Le paradoxe français: droit de veto sans colonne vertébrale

L'exigence de retirer à la France son droit de veto au Conseil de sécurité n'est pas seulement une posture politique, c'est une nécessité logique. Le droit de veto fut conçu pour les puissances protégeant l’ordre mondial, non pour des nations qui l'utilisent pour troquer la sécurité de leurs alliés contre des pétroliers.

Prétendre que de prévenir l'acquisition de l'arme nucléaire par un régime fanatique constituerait une violation du droit international est une inversion totale de la logique. Le droit international n’est pas un manuel de suicide». Un État qui déclare son intention de détruire une autre nation et développe les outils pour le faire perd sa propre immunité souveraine dans ce domaine.

Pour les mollahs, la bombe n'est pas un outil de prévention de la guerre, mais un levier pour imposer leur volonté au monde.

Une Europe sombrant dans l'impuissance

La prétention de la France à donner des leçons de morale à Israël et aux États-Unis est grotesque au regard de sa situation intérieure. Une nation incapable de contrôler ses banlieues, confrontée à des crises migratoires majeures et à une perte de souveraineté dans ses propres villes, prétend diriger le Moyen-Orient.

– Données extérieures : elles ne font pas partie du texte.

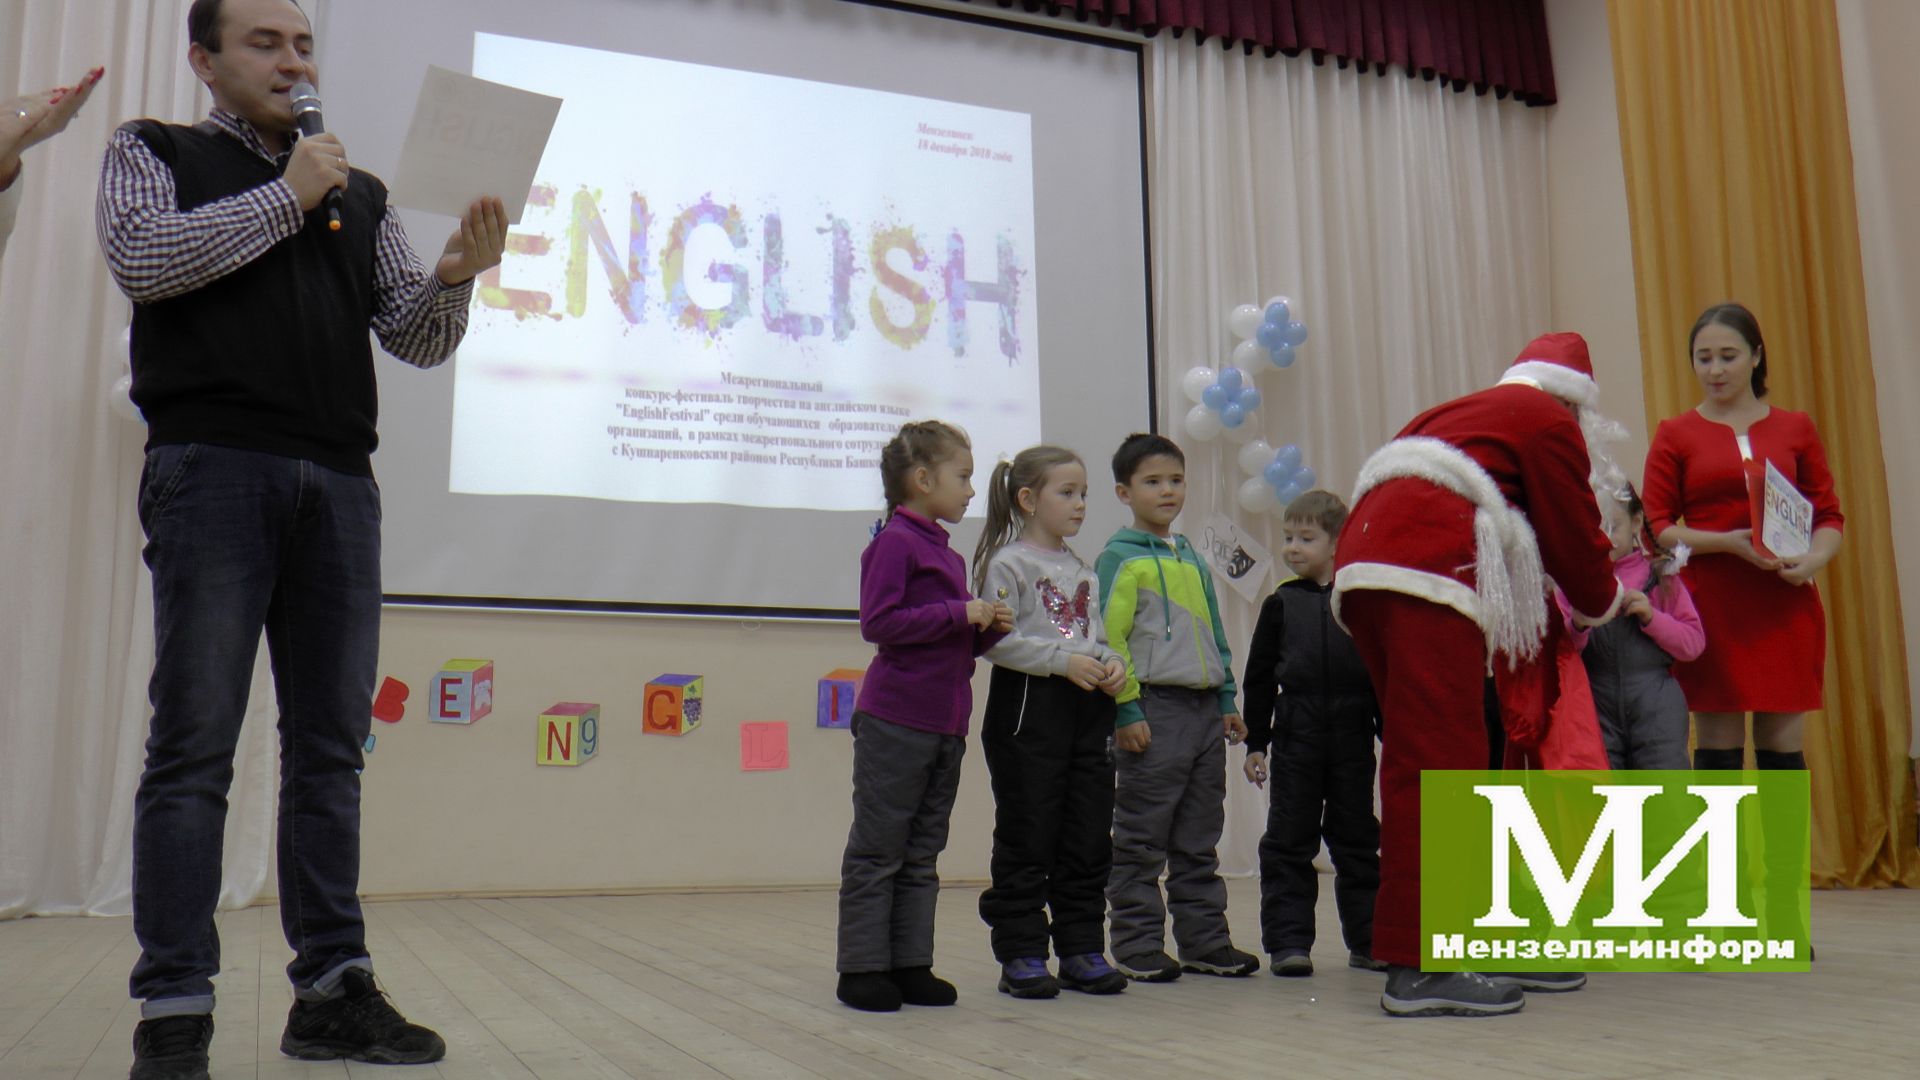 Мензелинские дети показали свои знания английского языка

La soumission à l'Iran est le miroir de la capitulation interne face aux idéologies extrémistes. Au lieu de renforcer l'axe démocratique occidental, l'élite française préfère verser une taxe selon le principe islamique de dhimi (le soumis) à un régime qui pend des opposants à des grues, simplement pour acheter un calme industriel éphémère et factice.

La France n'est pas la seule à la croisée des chemins. Même l'Espagne, souvent perçue comme trop complaisante face aux diktats arabo-musulmans, commence à redéfinir les limites de son obéissance. L'Occident comprend enfin que tenter d'éduquer l'islam radical par l'apaisement est une illusion mortelle.

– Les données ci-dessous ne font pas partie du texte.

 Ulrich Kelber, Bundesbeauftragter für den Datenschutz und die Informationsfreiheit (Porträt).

L'ambition islamiste de pénétrer le cœur des sociétés occidentales ne s'arrête pas à l'influence culturelle. Elle vise, à terme, la conversion, parfois forcée. C'est ici qu'intervient le concept de Dine Al-Seif  (la loi du sabre), stipulant que la vérité divine doit se propager par la force et la soumission des mécréants.

L'ironie théologique : un D-ieu qui aurait besoin d'aide ?

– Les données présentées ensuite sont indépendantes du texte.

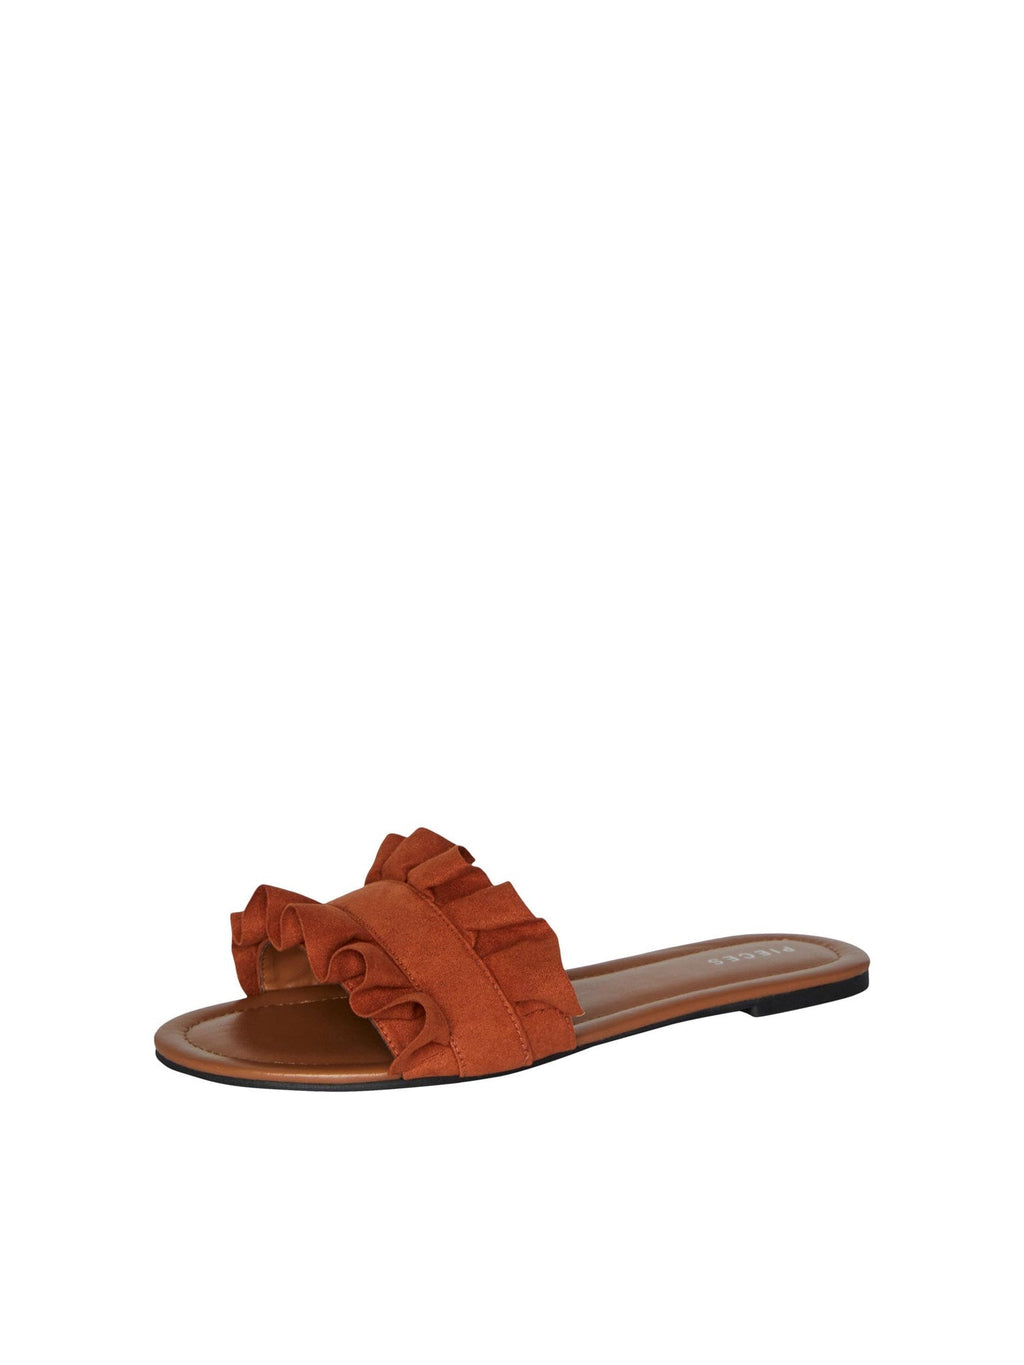 Nola sandalera - Kokosova školjka

L'islam violent a besoin de persécuter l'autre pour « prouver » que son message est divin. C'est un mécanisme psychologique où la force physique vient compenser l'absence de force spirituelle. Ces fondamentalistes semblent croire que le Maître du Monde, le Tout-Puissant, aurait besoin de leur aide pour diffuser Son message.

D'un point de vue de la Torah, c'est un 'Hilloul HaShem (une profanation du Nom Divin) absolu. L'idée qu'un D-ieu de miséricorde aurait besoin de couteaux, de pendaisons et de bombes atomiques pour que Sa voix soit entendue est le summum du ridicule.

En s'inclinant devant cette force brutale, la France et l'Europe ne trahissent pas seulement leurs valeurs, elles cautionnent une vision de la divinité assoiffée de sang plutôt que de lumière.


Dans la pensée de la Torah, le monde repose sur trois piliers : la Vérité (Emet), la Justice (Dine) et la Paix (Chalom). La tragédie de la politique française actuelle réside dans l'oubli d'un principe fondamental enseigné par nos Sages :

Celui qui se fait miséricordieux envers les cruels finit par devenir cruel envers les miséricordieux (Midrash Tan'houma - Parachate Métsora, 1).

Il est temps de cesser de considérer la France comme un médiateur objectif. Elle est aujourd'hui un obstacle qui fait le jeu de l'axe radical. L'administration américaine et la direction israélienne doivent être claires : quiconque collabore au financement du terrorisme et à l'armement nucléaire de fanatiques ne peut plus prétendre à un siège à la table des grandes puissances.